**What needs to be done**
Exclude images; transcribe the rest of the data exactly.

**Dataset content**
● ● ● ● ●

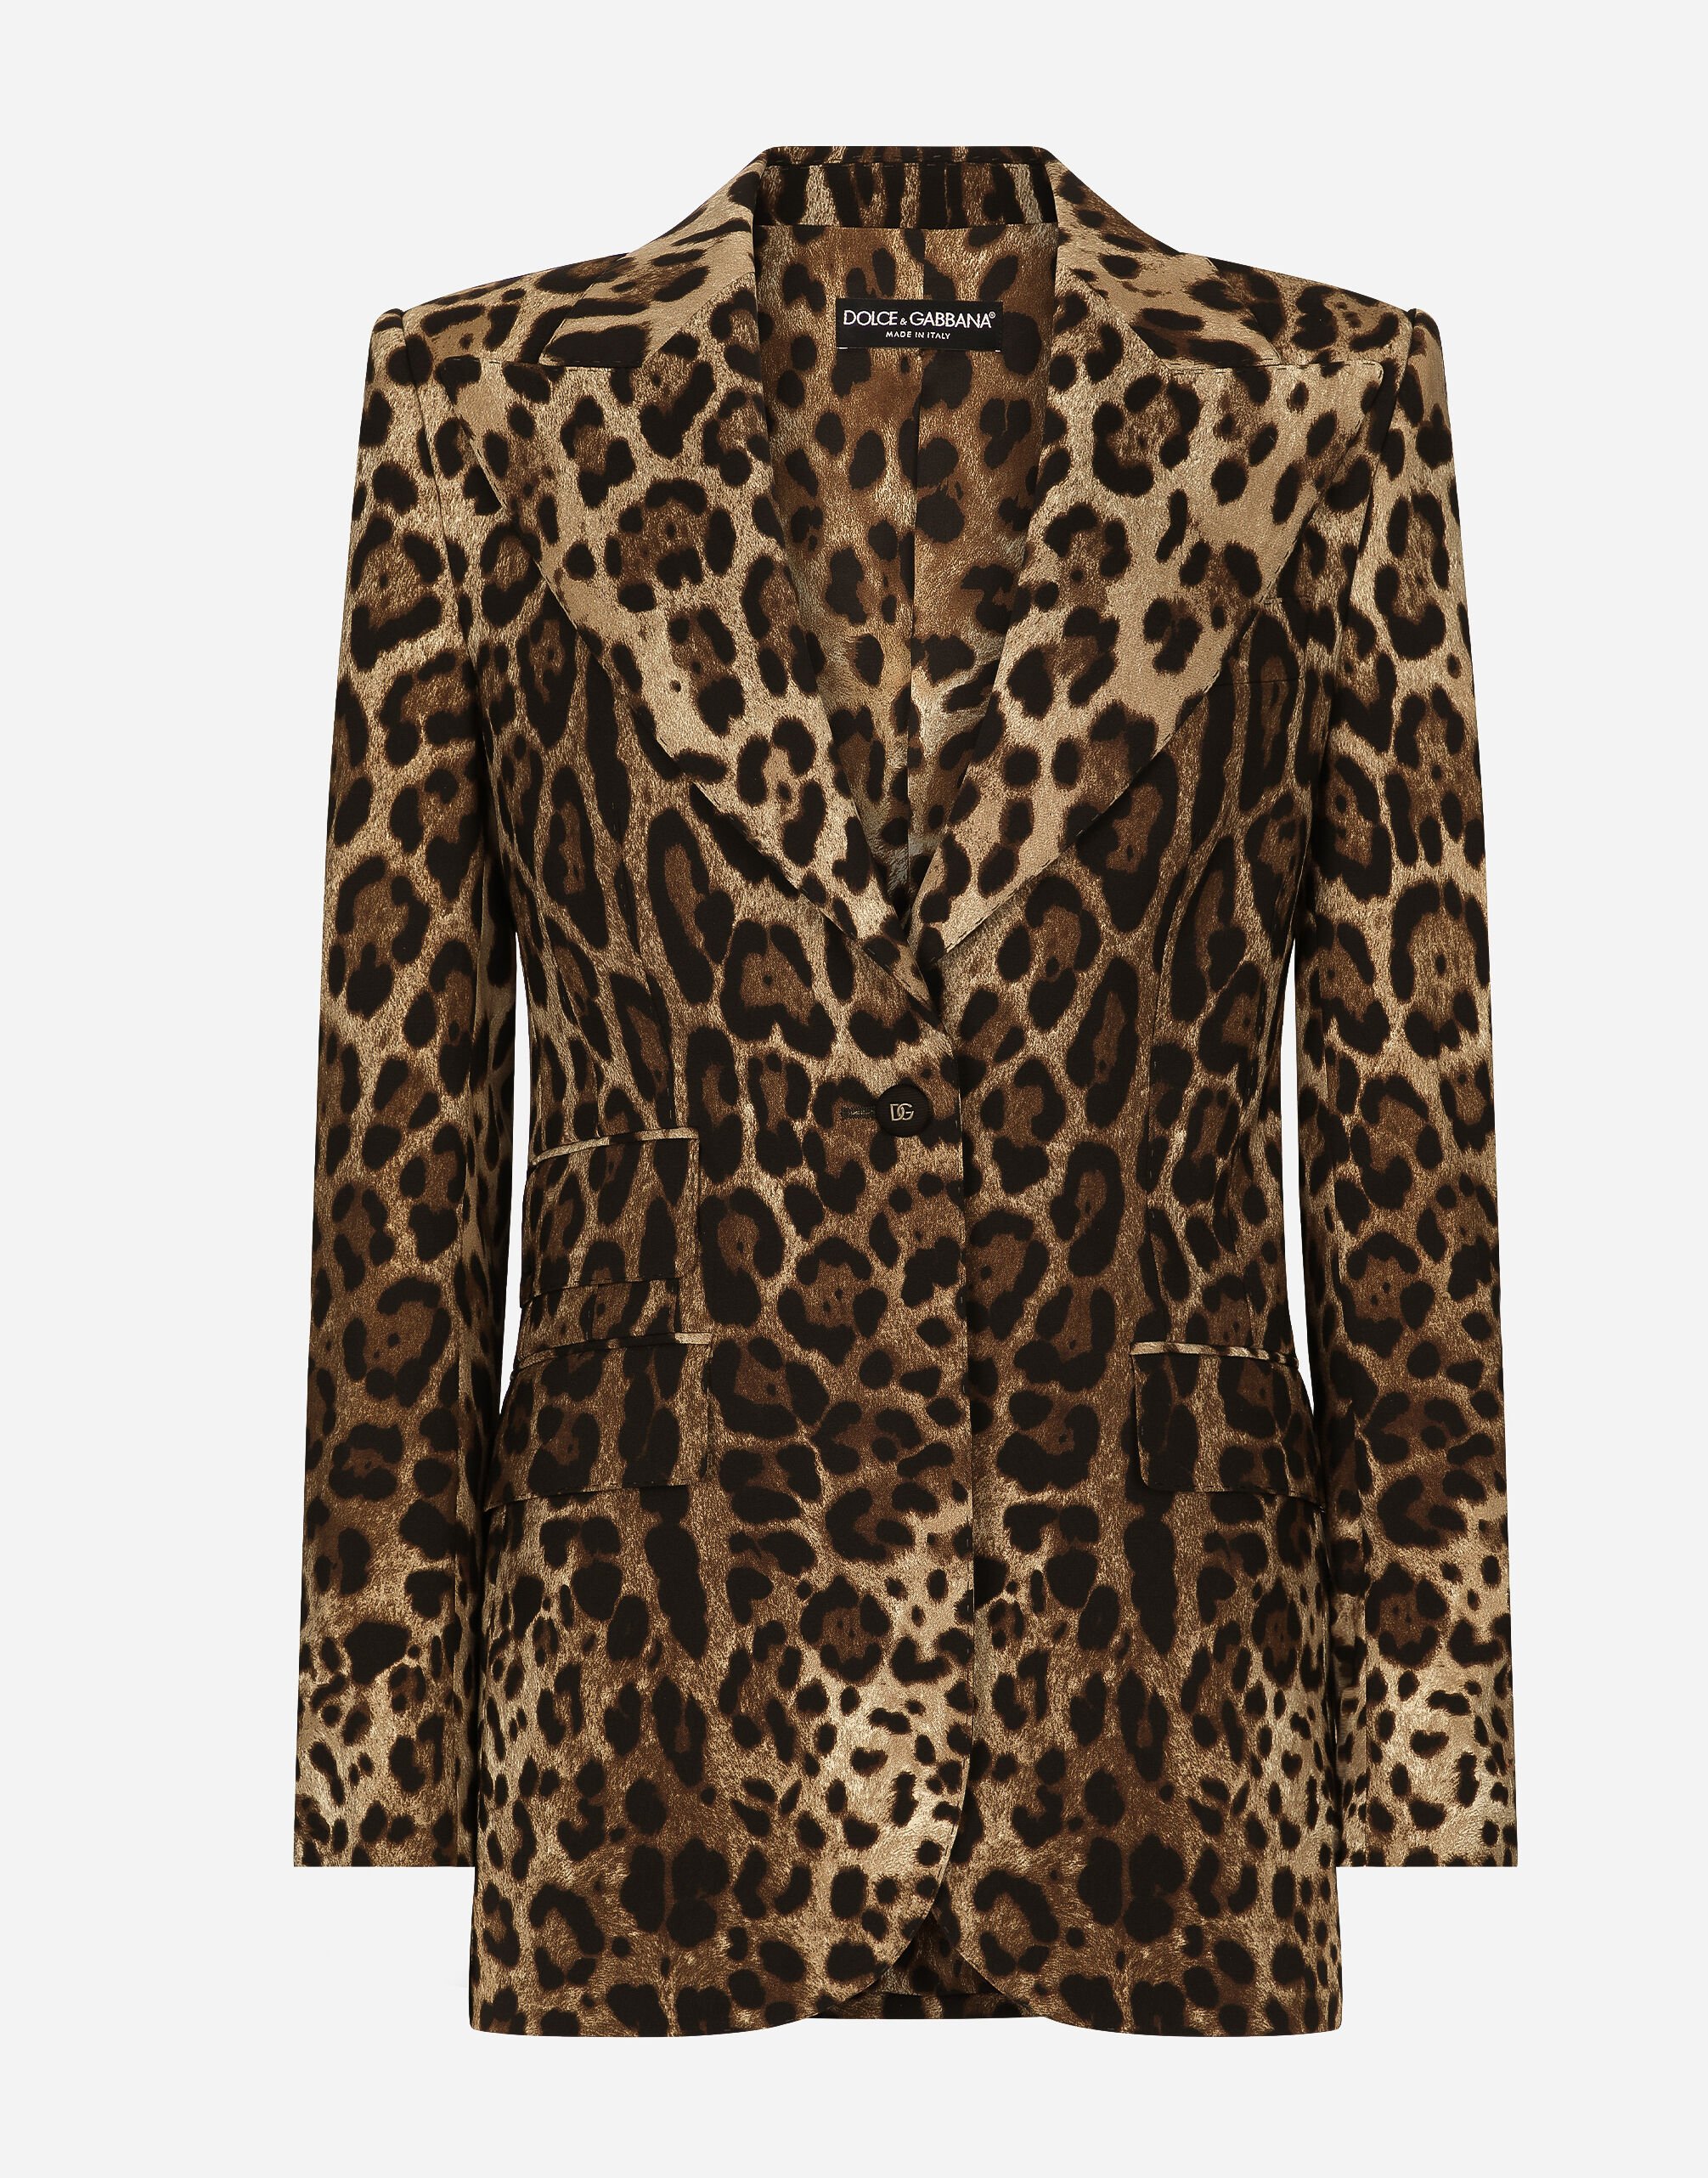 Dolce&Gabbana Leopard-print wool Turlington jacket Animal Print F9R11THSMW8
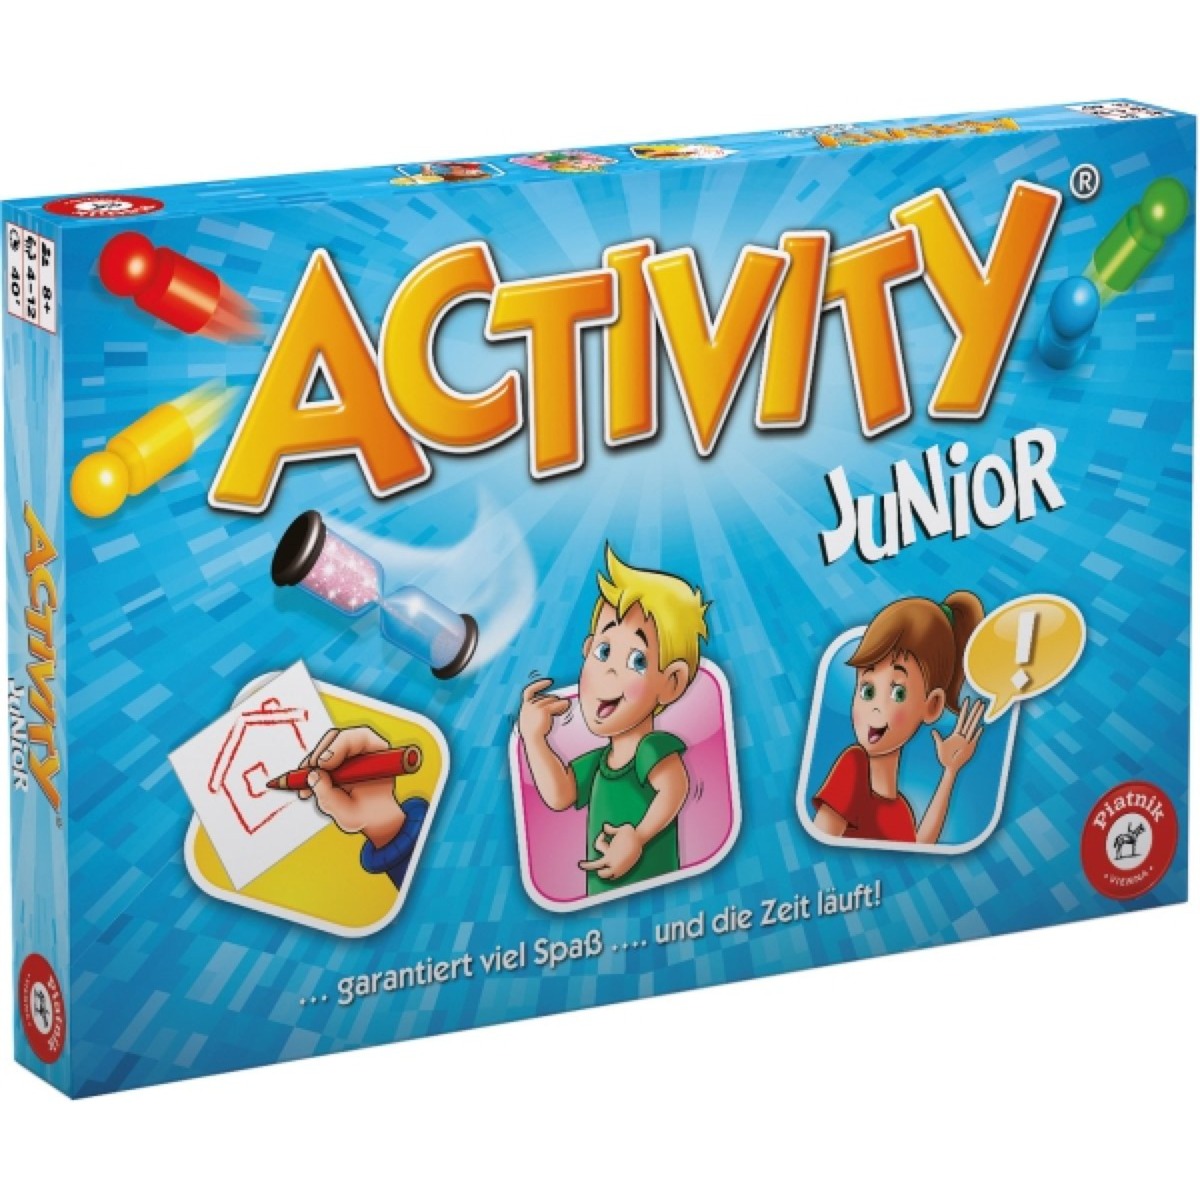 Image of Alternate - Activity Junior, Partyspiel online einkaufen bei Alternate
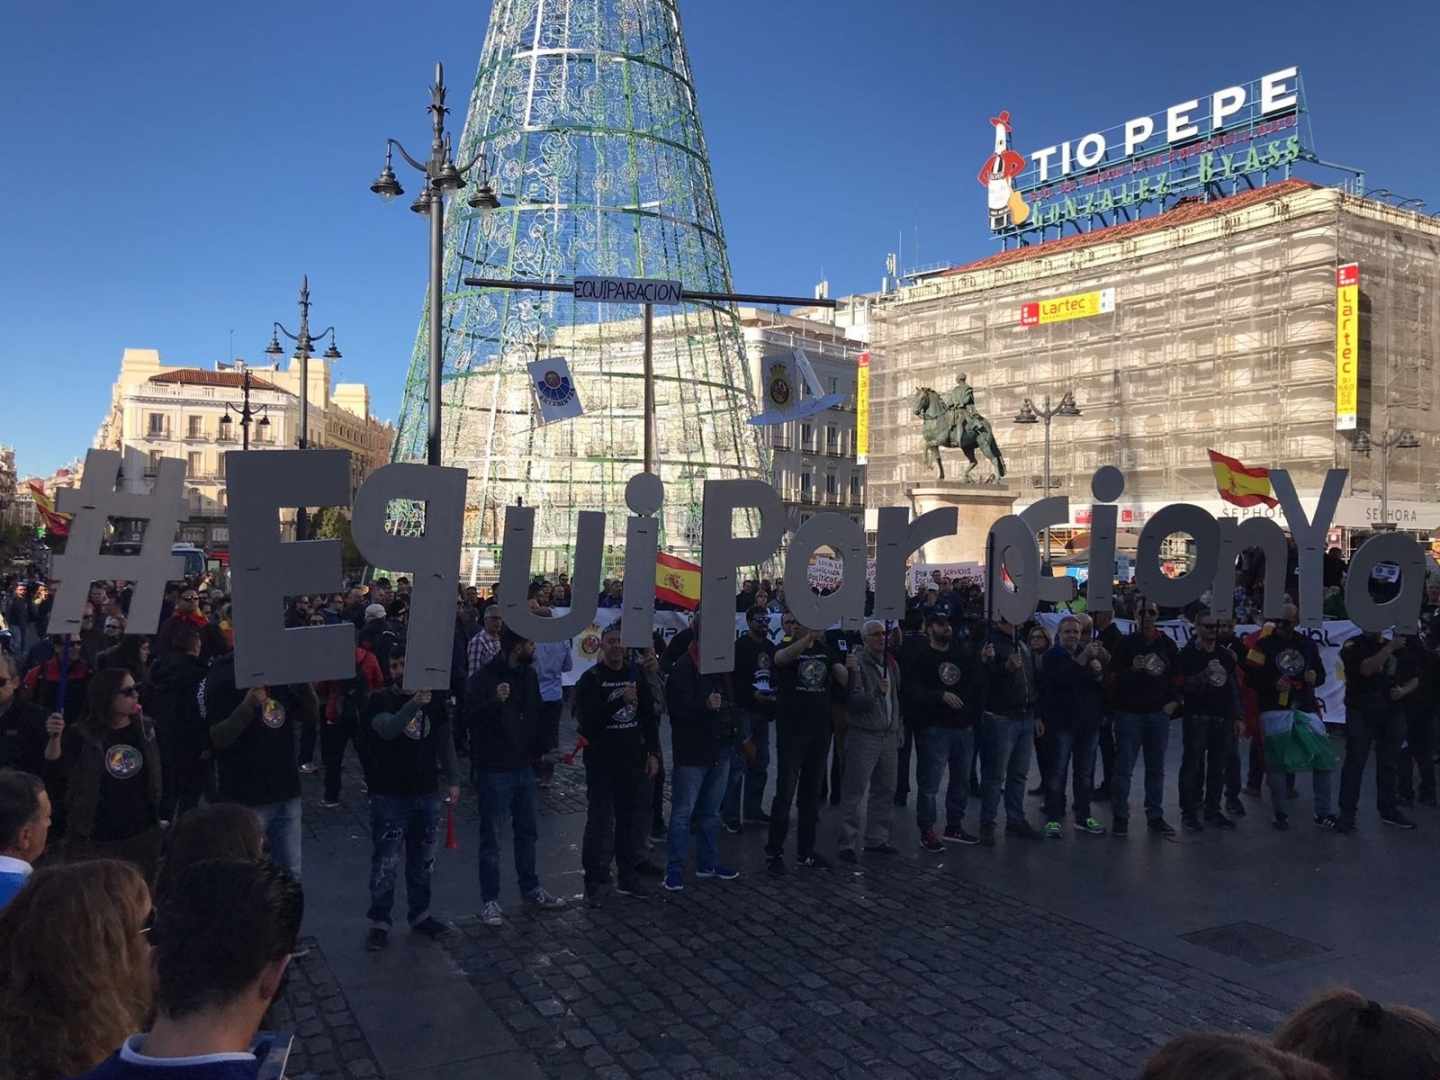 Manifestación en favor de la equiparación salarial de los policías en la céntrica Puerta del Sol de Madrid.

● ● ● ● ●

**Solution below**
 Dolce&Gabbana Leopard-print wool Turlington jacket Animal Print F9R11THSMW8
 Image of Alternate - Activity Junior, Partyspiel online einkaufen bei Alternate
 Manifestación en favor de la equiparación salarial de los policías en la céntrica Puerta del Sol de Madrid.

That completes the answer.